Figure 3. The vicious circle in the development of social housing in Germany

Source: own study

Compared to all other options for encouraging new housing, social housing is the housing instrument with the greatest spatial reach. Therefore, a tenfold increase in the annual number of social rental housing units delivered to 150,000 units per year could halt the further decline of the social housing sector and make a major contribution to the necessary relaxation of tight housing markets.

With an assumed net present value of subsidies of €35 000 per a housing unit, more than €5 billion of public funds would be needed for this per a program year (Kofner 2017, p. 69).

In summary, the modern type of social housing support is narrow, cost-effective and decentralized. Currently, social housing programs are characterized by short commitment periods, rents at the lower limit of the LRR (local reference rent), income-oriented subsidies, a small spatial distribution of the housing units being delivered, including mixing them with privately financed housing, and a clear and consistent preference for creating social housing in existing housing stock – the concept of urban densification.

German urban policy looking for new investors

Models for bridging the gap between housing supply and housing needs are based on the assumption that this is not possible with the government support alone, private investors are also crucial here. So far, private investors have been found in companies dedicated exclusively to this task, construction companies, developers, etc. However, new opportunities may arise for companies for which residential offerings in city centers are essential to their operations, and so they have a common interest with municipal authorities (municipalities). For several years now, commerce has invested in real estate not only to build retail branches, but also in conjunction with housing.

Municipalities are very interested in this type of project, where valuable space in city centers above existing single-story stores is used for housing. The number of permits in which a new supermarket needs to be combined with a residential building or, for example, a day care center, seems to be increasing. In Berlin, for example, building permits are issued only if the new store fits into the city’s urban densification (re-densification[1]) concept and if it provides a hybrid use (Zabel, Kwon, 2019, p. 4). At this point, it is worth discussing the three interacting concepts of urban densification (densification), de-densification (de-densification) and re-densification (re-densification) on the grounds of relational geography.

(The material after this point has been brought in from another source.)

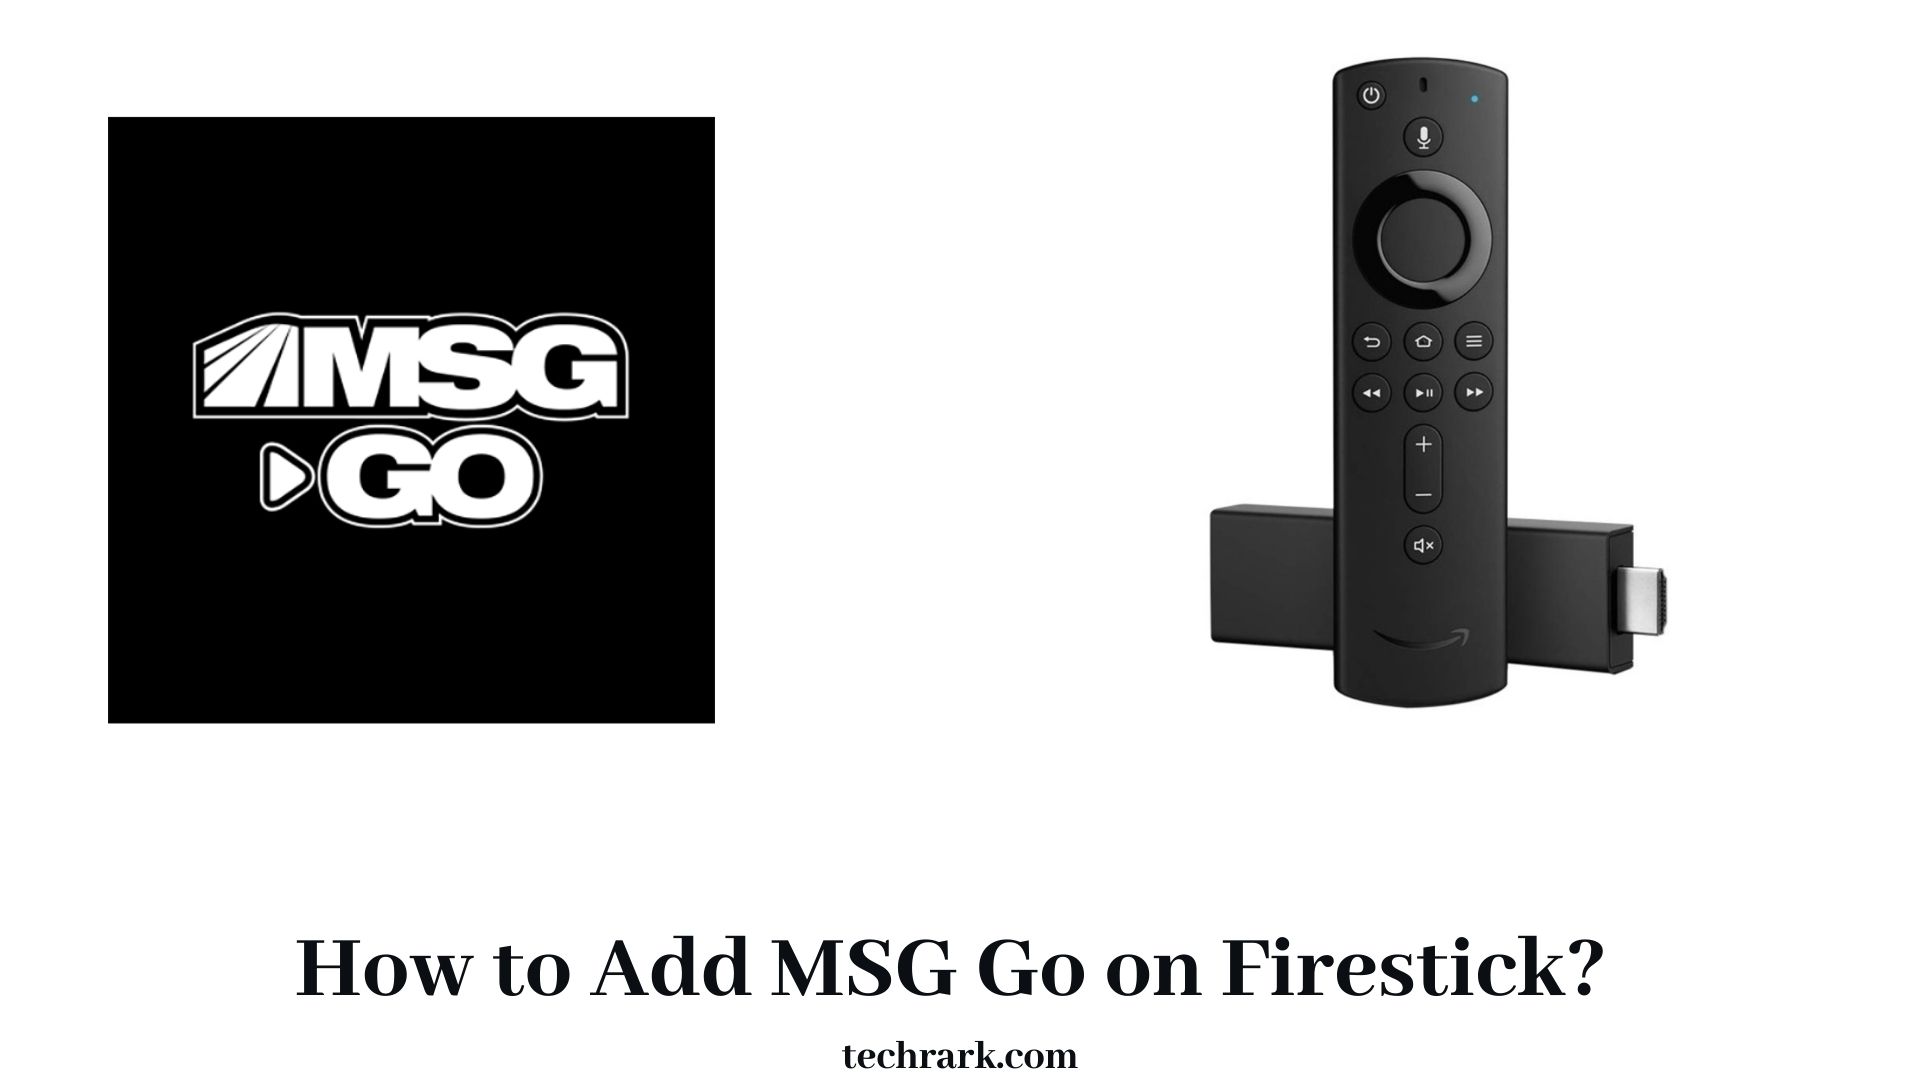 MSG Go on Firestick
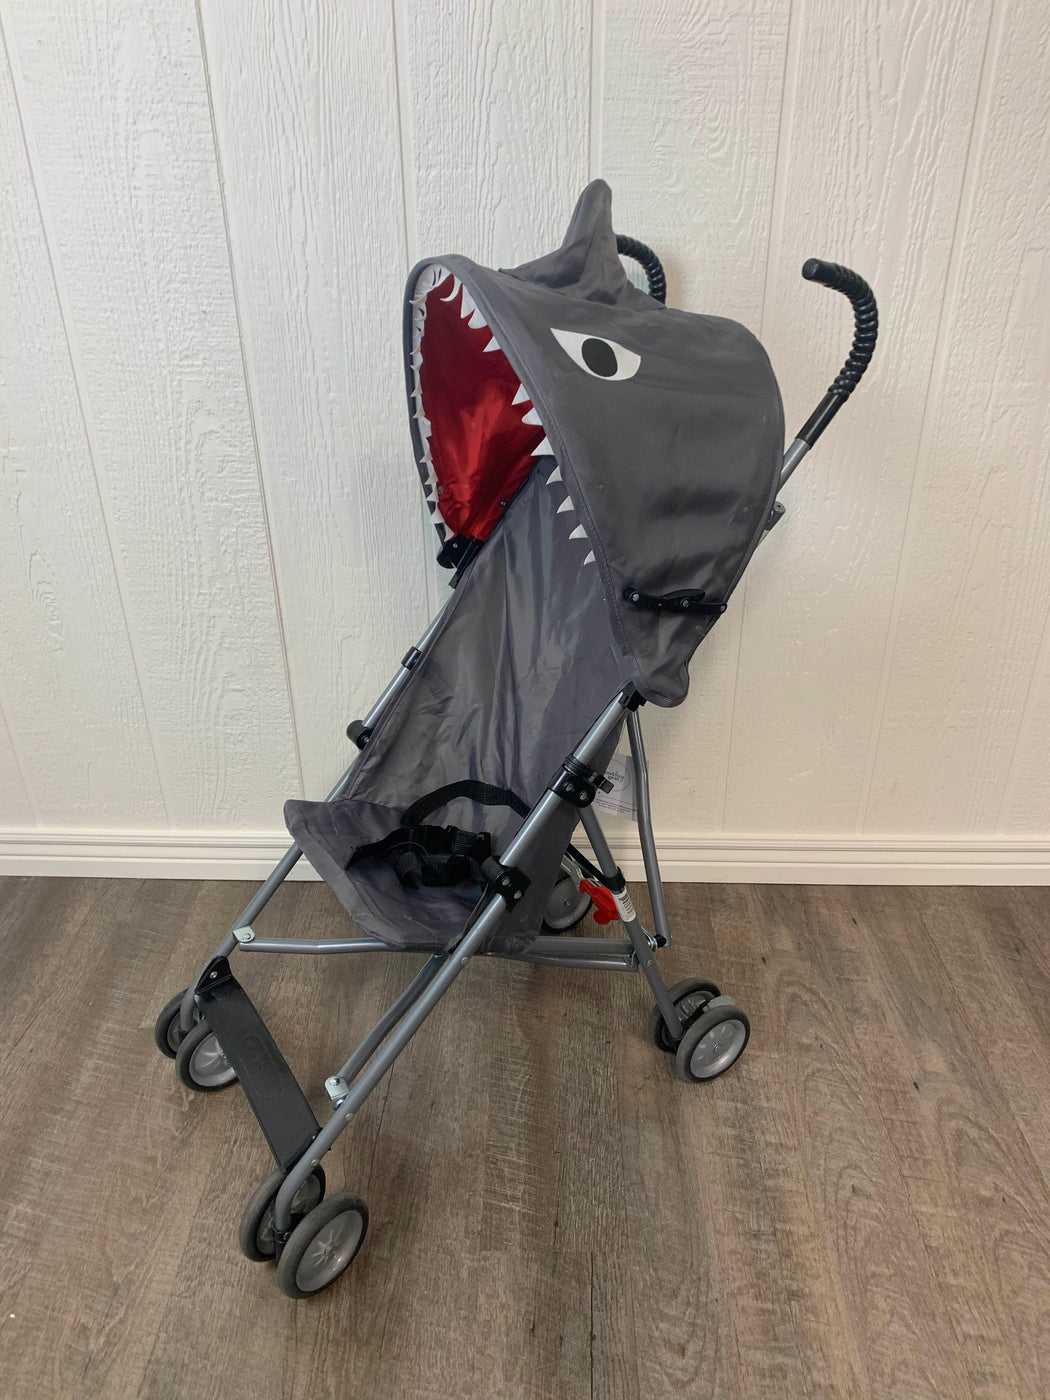 cosco shark stroller

Concepts of de/re-densification processes

In the current of the concept of relational geography, we can mention three concepts of urban densification: densification, de-densification and re-densification. To understand these concepts in a broader sense, it is necessary to discuss the concept of relational geography.

The basis of relational conceptions of cities is the rejection of an essentialist Euclidean understanding of space in favor of a relational view that emphasizes dependencies and connections between different places, processes and activities (Healey 2004; Madanipour 2010). Relational geography challenges not only the framing of the city as a homogeneous, relatively closed, and thus locally policyable whole, but also the notion of a hierarchy of spatial levels – from the global, to the geo-regional, to the national, to the regional, to the urban, to the very local levels of the neighborhood, estate and apartment building. Relational thinking about scale is embedded primarily in the distinction between hierarchical and network geographies in which scales function as interfaces between global and local processes (Amin et al. 2003; Massey 2005; Healey 2006 and Miciukiewicz 2011, p. 171).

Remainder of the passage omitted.